Adding a foreground shadow works much the same way. In Photoshop, create another layer on top of your terrain, fill it with black or some other dark color, and add a layer mask. Then use the gradient tool in the layer mask to modulate the shadow intensity (tip: hold down the shift key to constrain the gradient to a vertical alignment). For most scenes, just a little darkening is all that you will need in the immediate foreground. Vary the layer opacity to control darkness.

The illustration below shows background haze and foreground added to a typical mountain scene. The layered Photoshop used to create this example is available here.


(left) A plain 3D terrain of North Cascades National Park, Washington. (middle) The same terrain with background haze. (right) And the terrain with a foreground shadow.

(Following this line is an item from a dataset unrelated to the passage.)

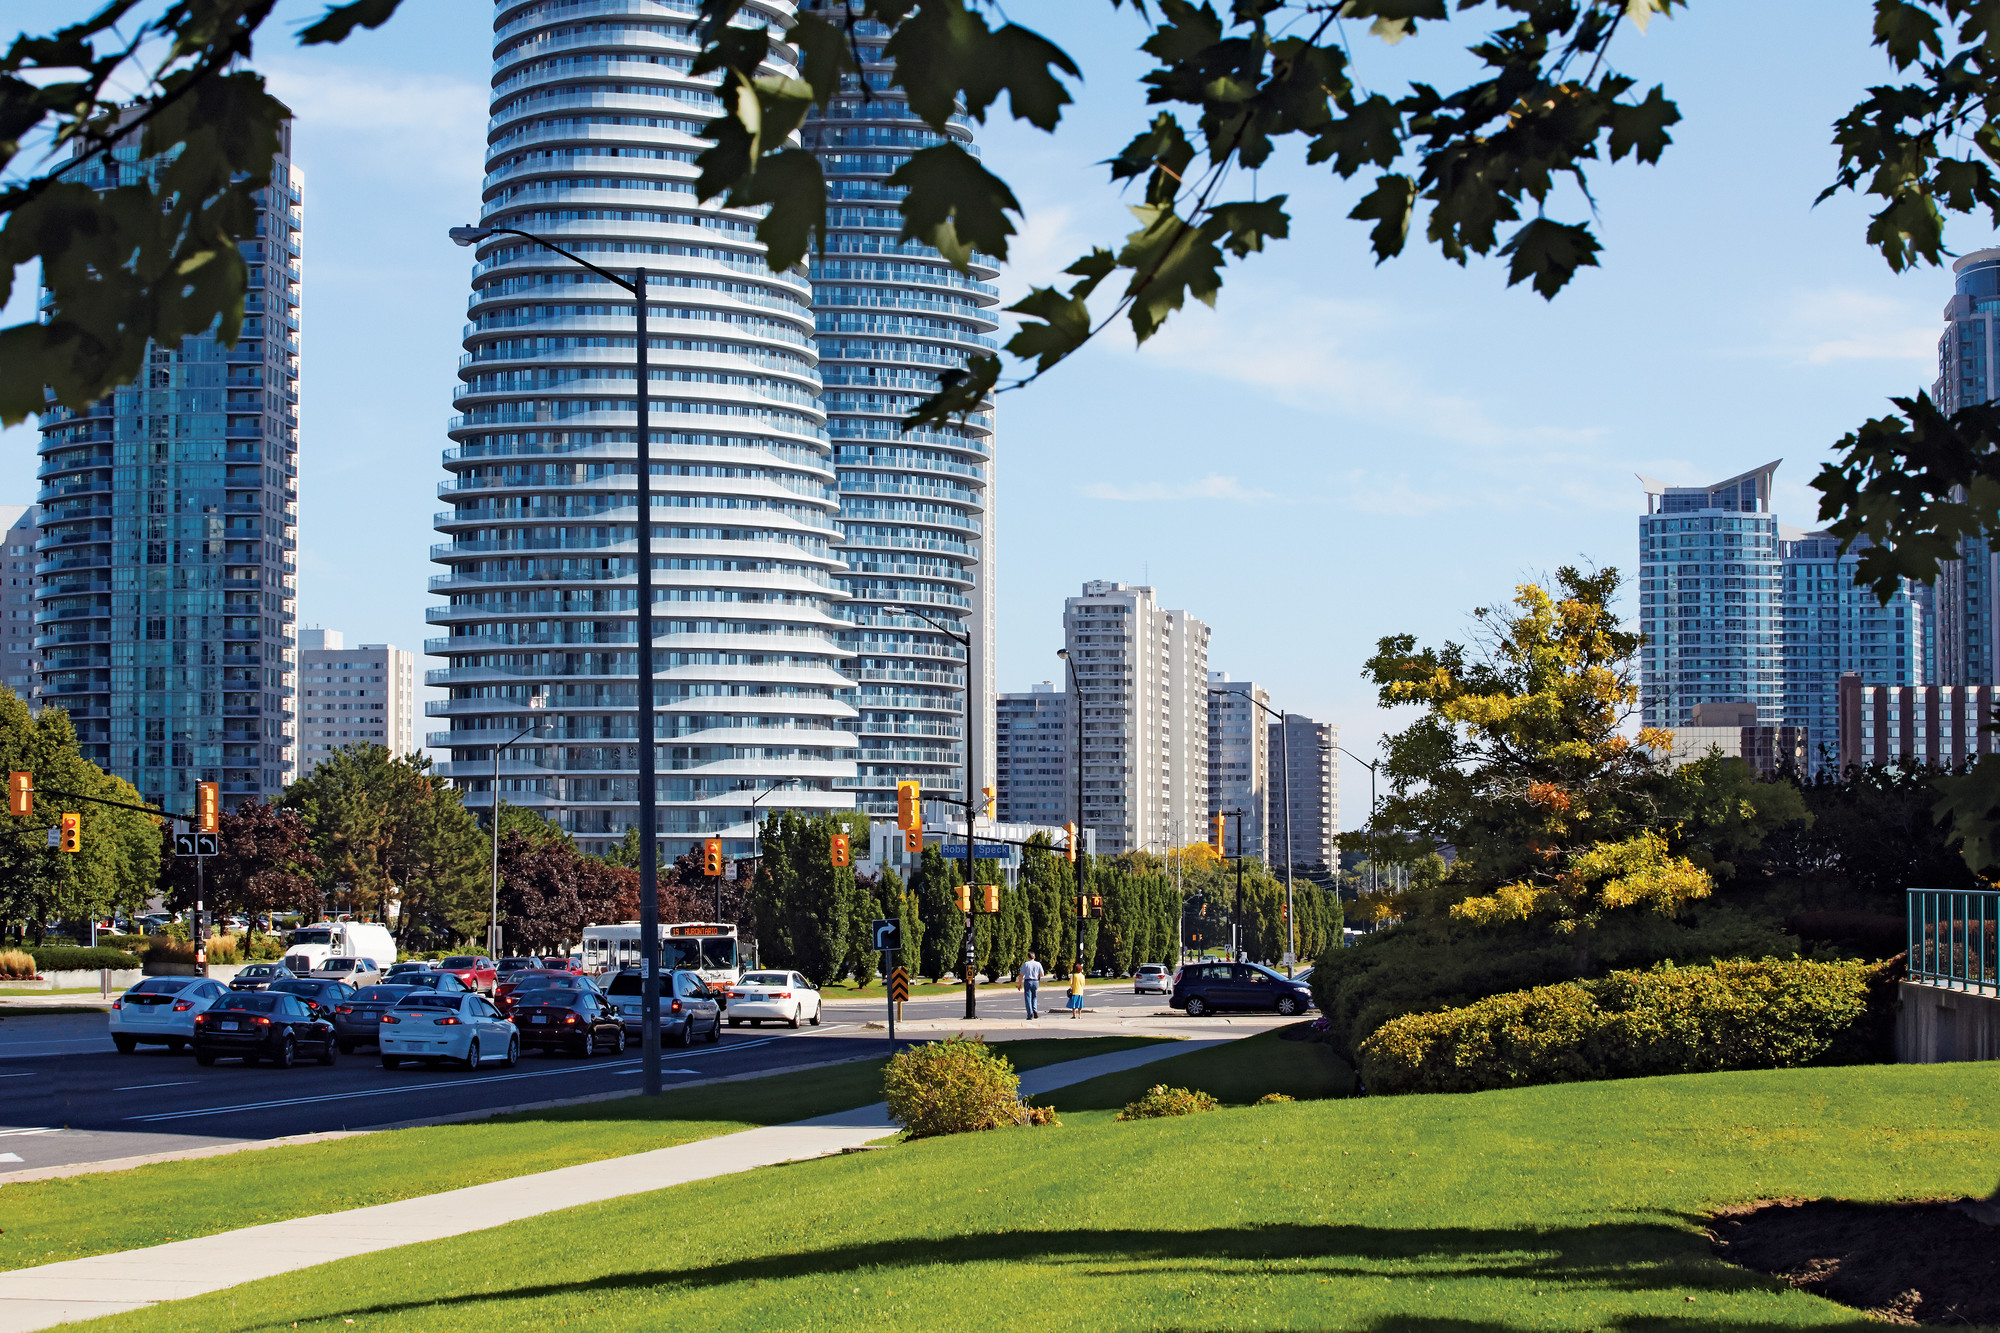 Mississauga downtown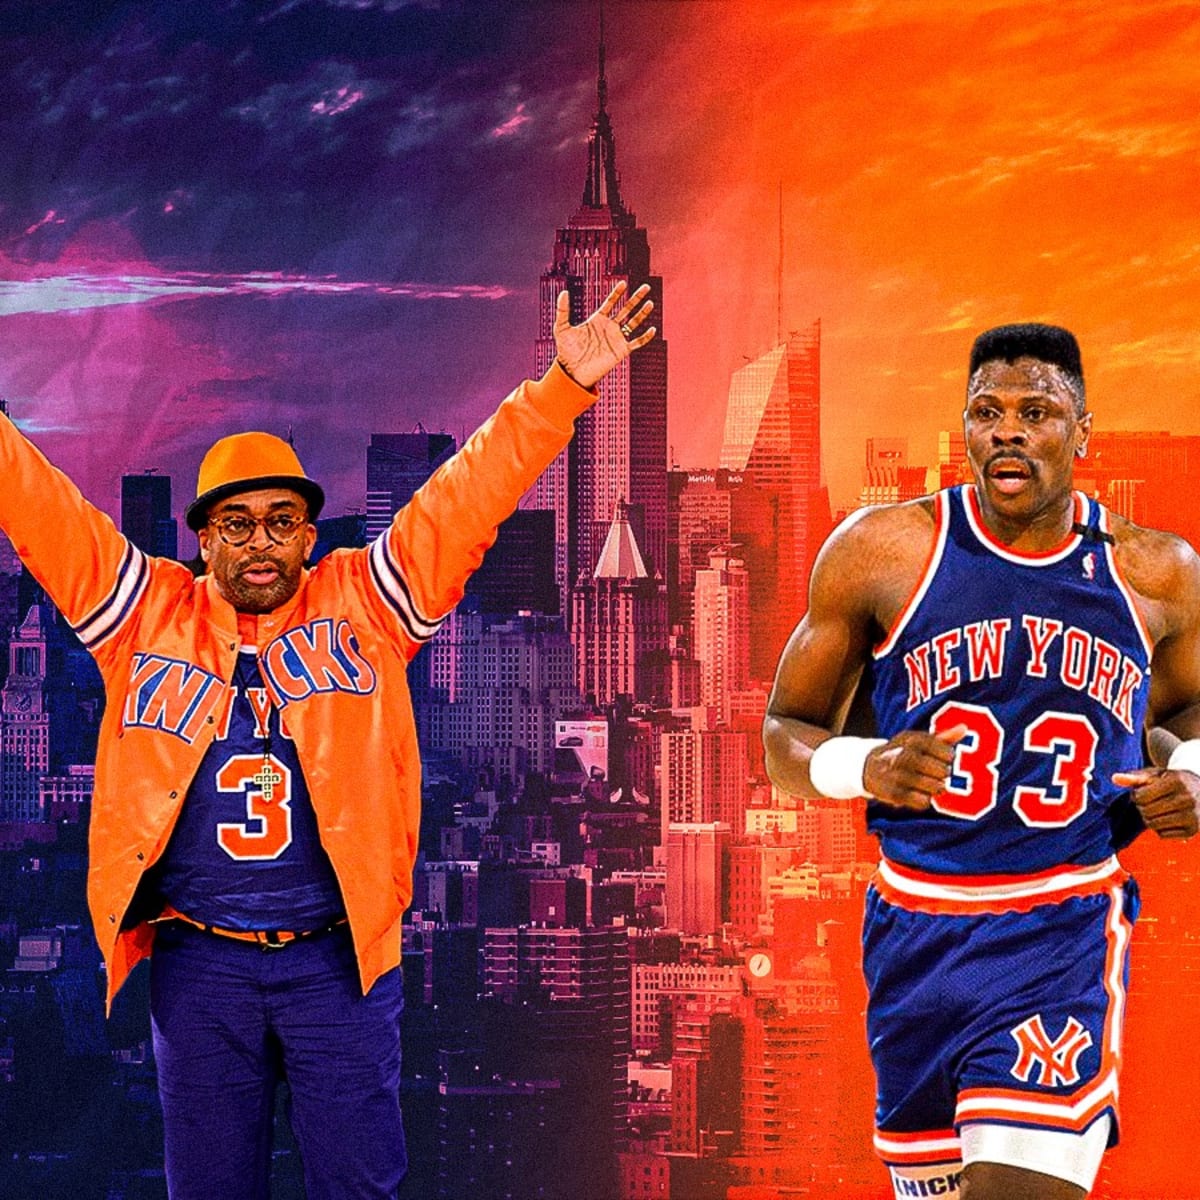 Filmmaker Spike Lee done with attending New York Knicks games for

Using a distance mask rendered in Natural Scene Designer Pro to create haze works best with large-scale scenes viewed from a shallow angle. Rendered distance masks, however, are unnecessary for small-scale scenes viewed from high above. Instead, place a simple gradient in a Photoshop layer mask in the same manner that you used to create the foreground shadow (see Bering Land Bridge map below).


An unpublished draft map of Bering Land Bridge National Preserve, Alaska, with a foreground shadow and background haze made with Photoshop gradients. (Click map to enlarge.)


Additional comments

• I use background haze on all 3D terrain maps, sometimes copiously. By contrast, I use a foreground shadow less often and then only sparingly.

• Although Natural Scene Designer Pro has a haze option in the Sky settings tab, I rarely use it. The built-in Natural Scene Designer haze covers too much of the foreground in the typical scenes I create from a high oblique angle. I prefer to add haze in Photoshop, which offers precise control and the ability to edit haze at later stages of map production.

• Haze and shadow gradients can appear with banding artifacts when applied over smooth water surfaces. Adding a little noise with Photoshop to the gradients can lessen this problem.

• Haze and shadows are an excellent way to give the illusion of depth to 3D scenes created with telephoto camera lenses previously discussed here.